The task:
For this exercise, return all the data word for word, with images left out.

Dataset excerpt:
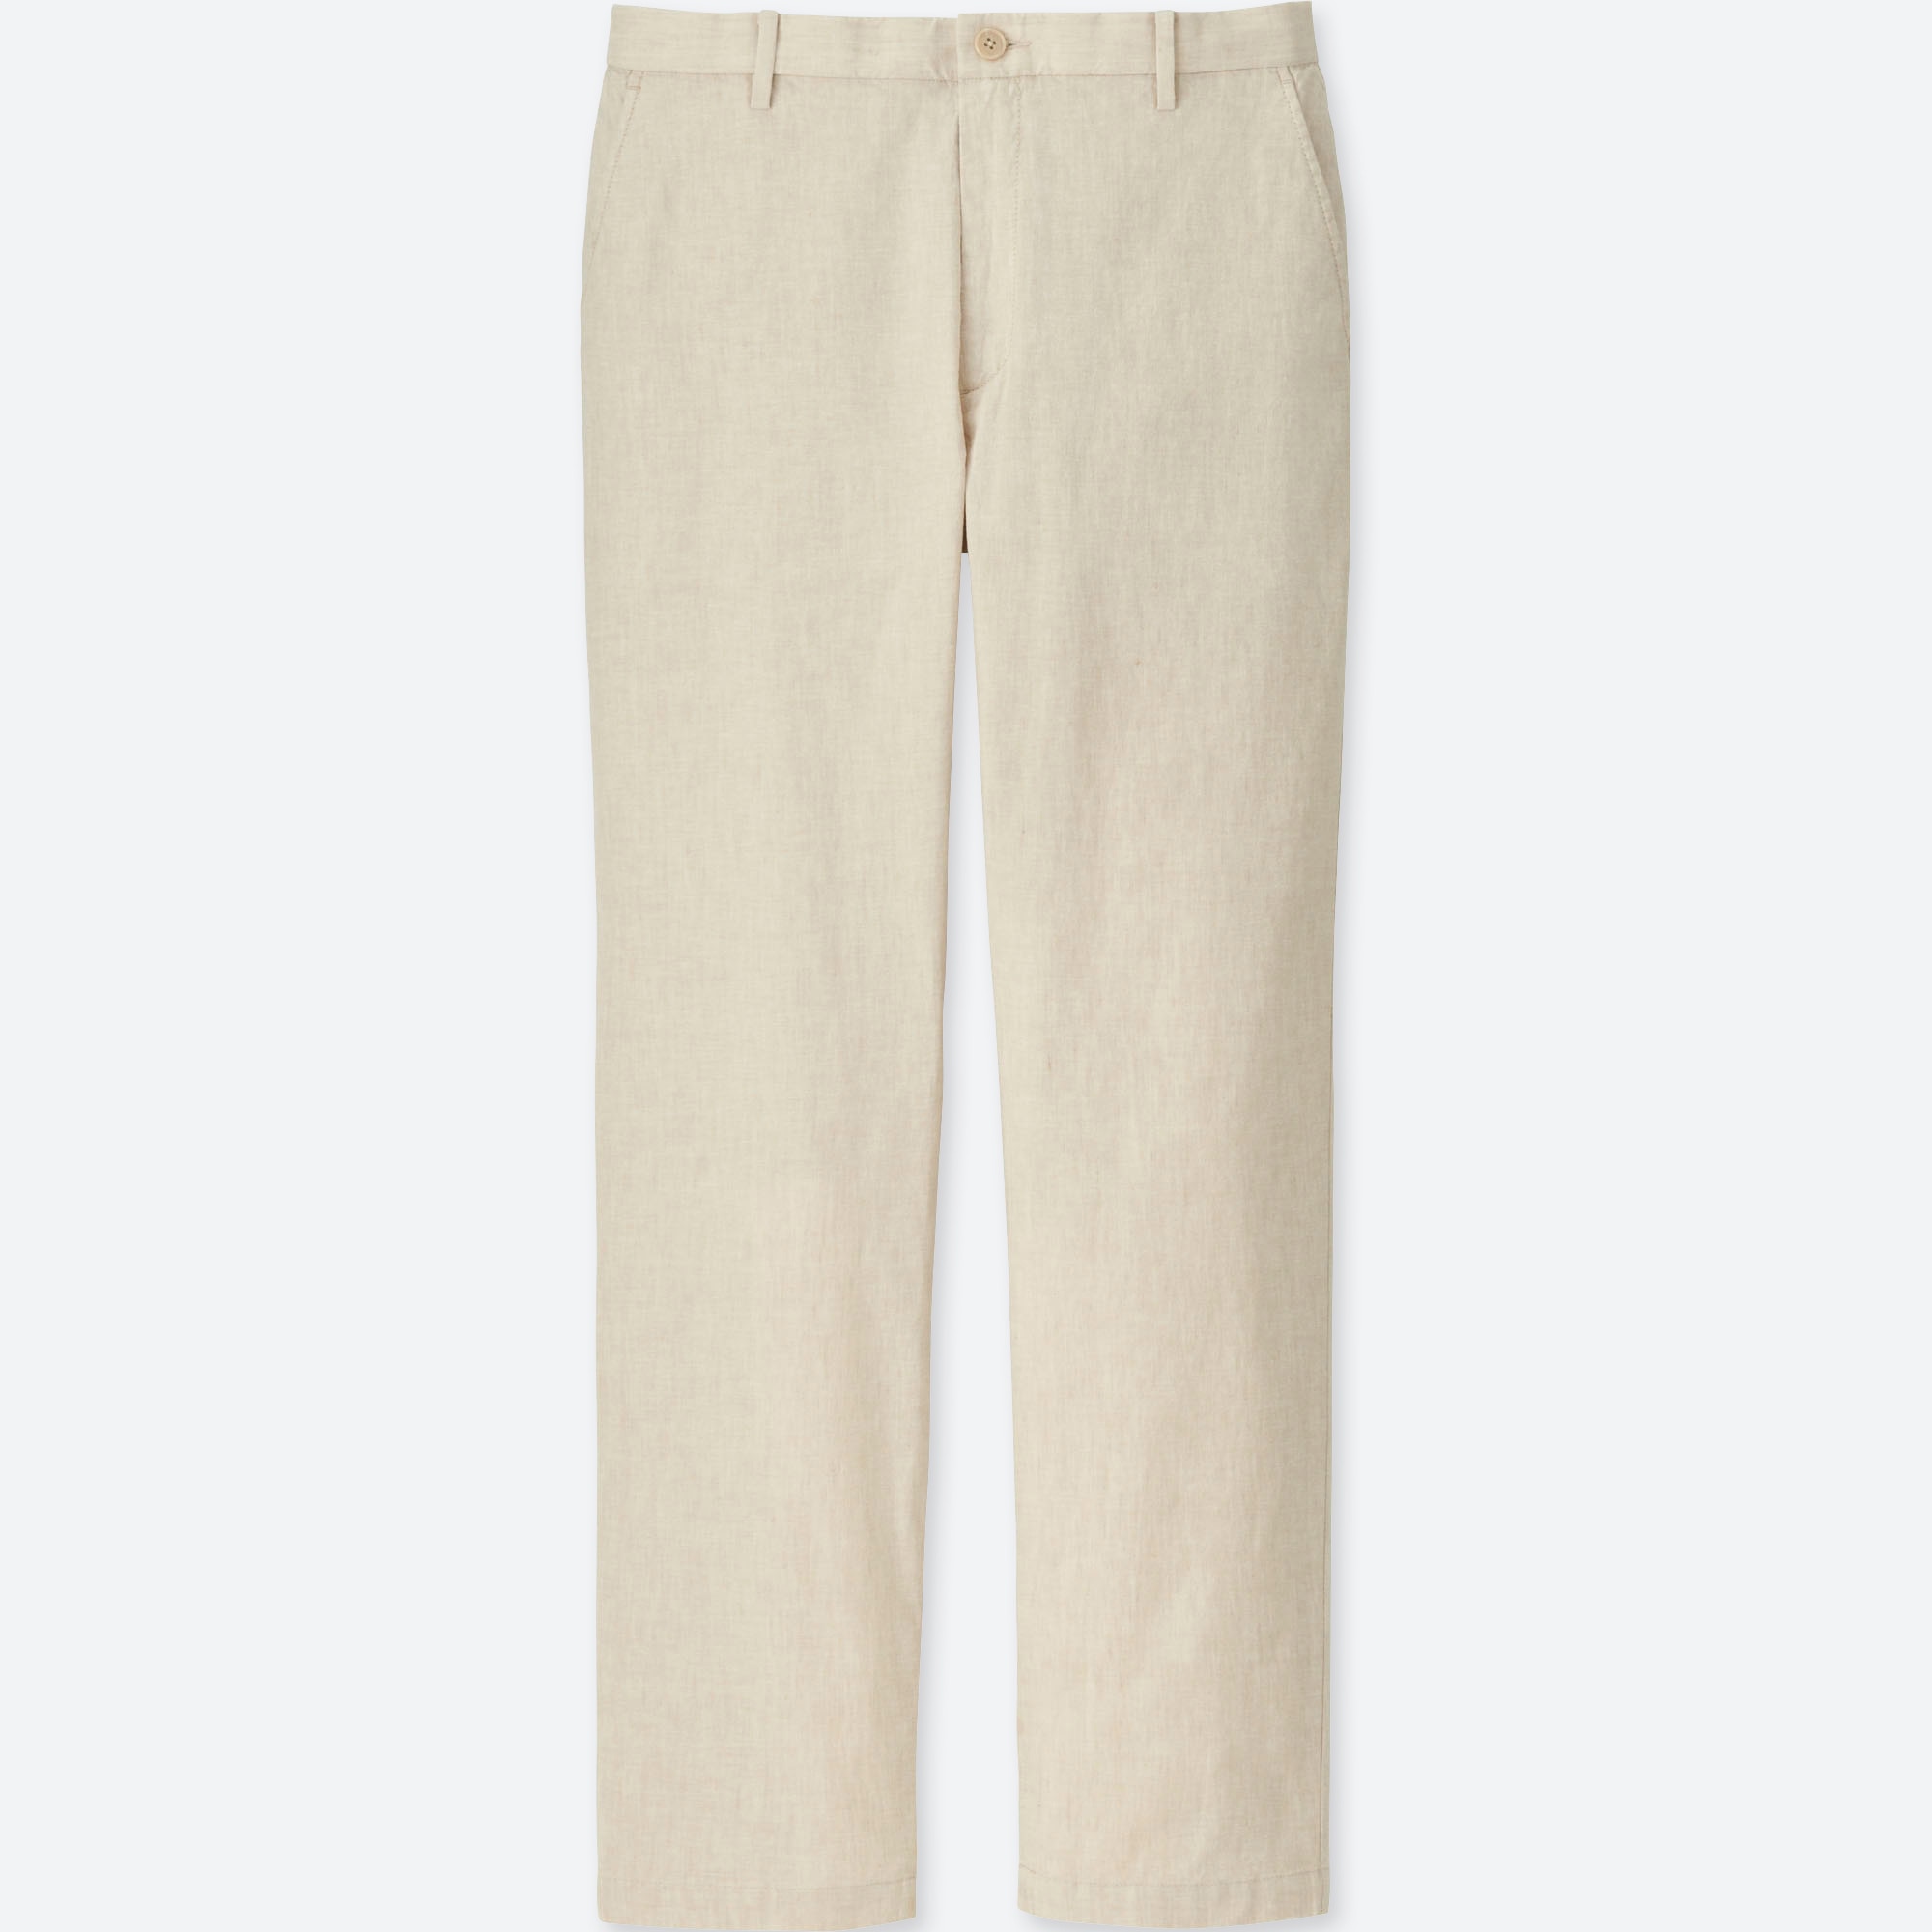 Buy CELIO Caramel Solid Cotton Relaxed Fit Men's Casual Trousers | Shoppers  Stop
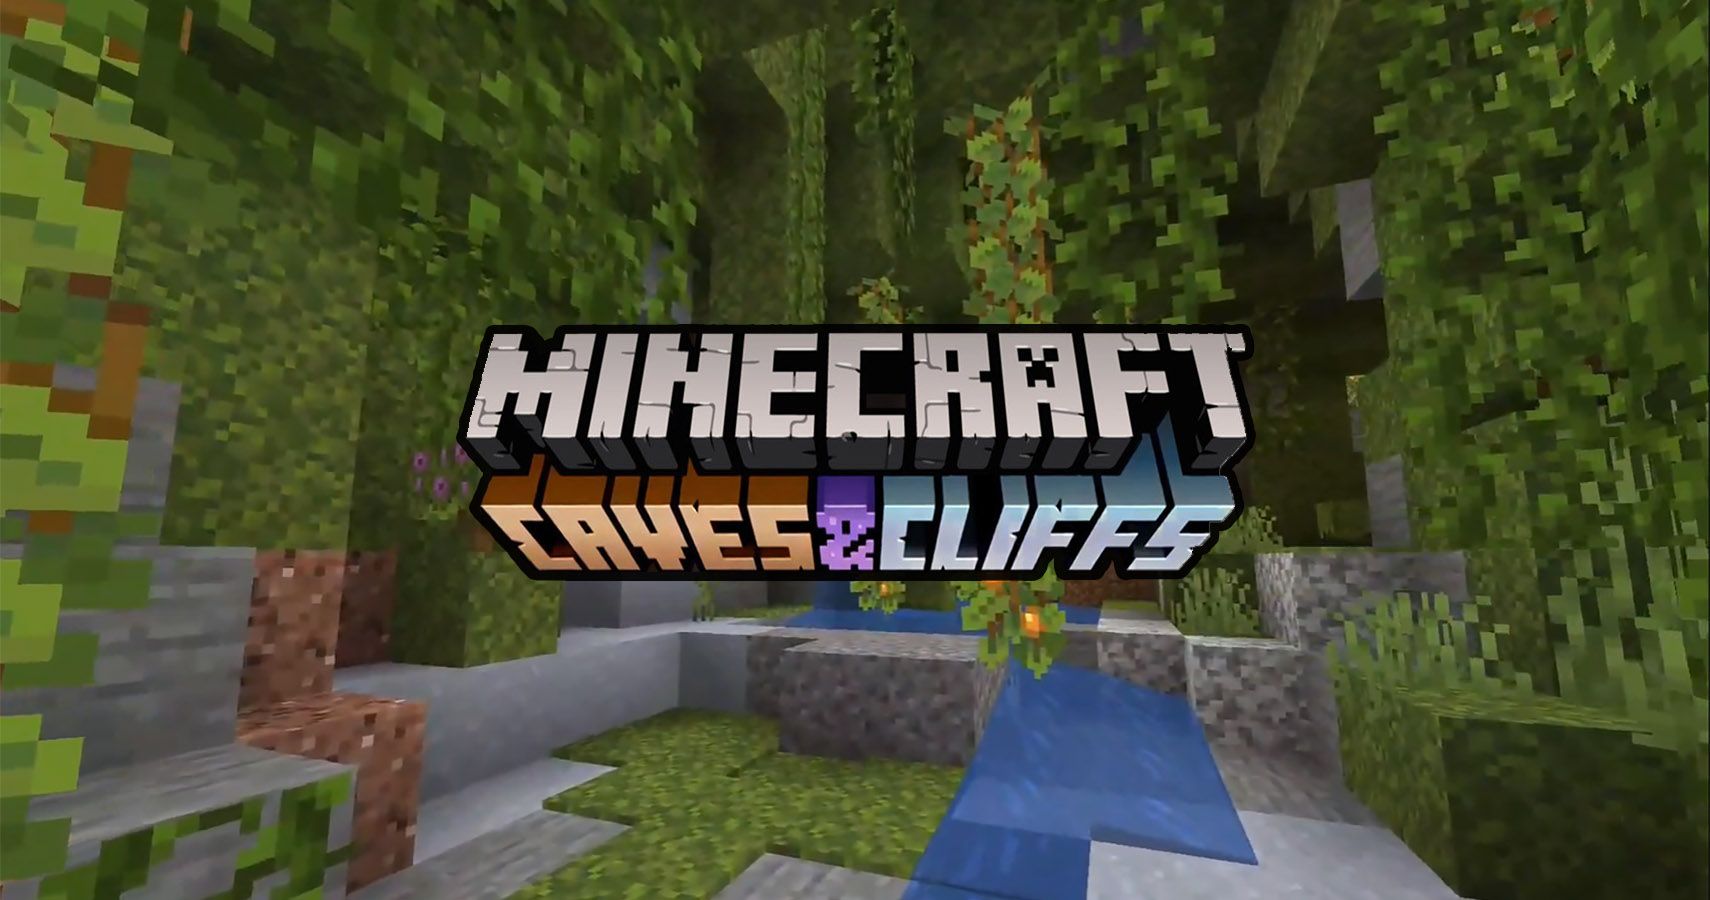 Mesh Caves will be in the Caves and Cliffs update to Minecraft
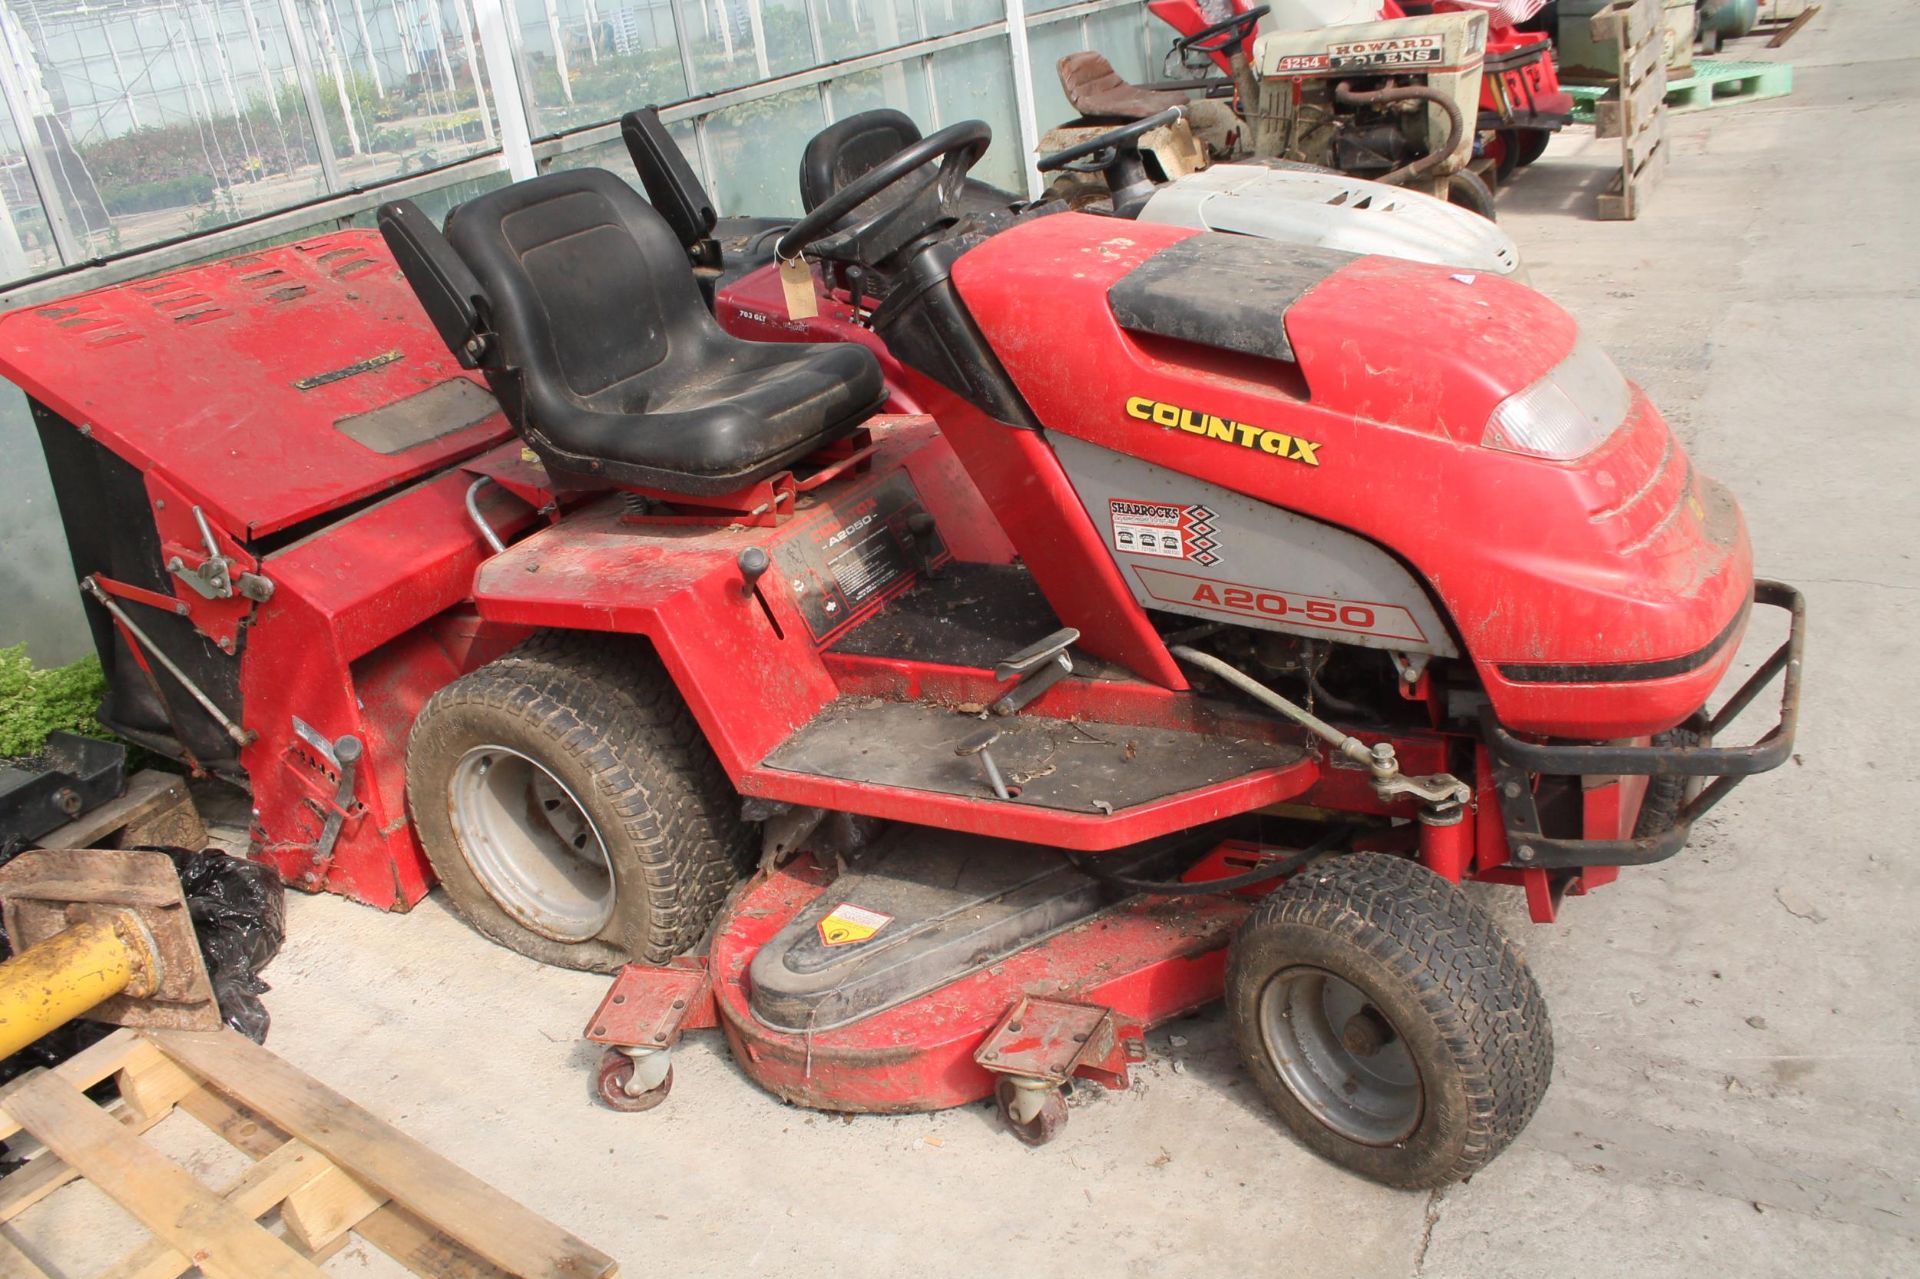 A COUNTAX A20-50 RIDE ON LAWNMOWER COMPLETE WITH GRASS BOX WITH ATTATCHED ROLLER NO VAT - Image 2 of 3

Result of this exercise:
 Buy CELIO Caramel Solid Cotton Relaxed Fit Men's Casual Trousers | Shoppers  Stop
 Mesh Caves will be in the Caves and Cliffs update to Minecraft
 A COUNTAX A20-50 RIDE ON LAWNMOWER COMPLETE WITH GRASS BOX WITH ATTATCHED ROLLER NO VAT - Image 2 of 3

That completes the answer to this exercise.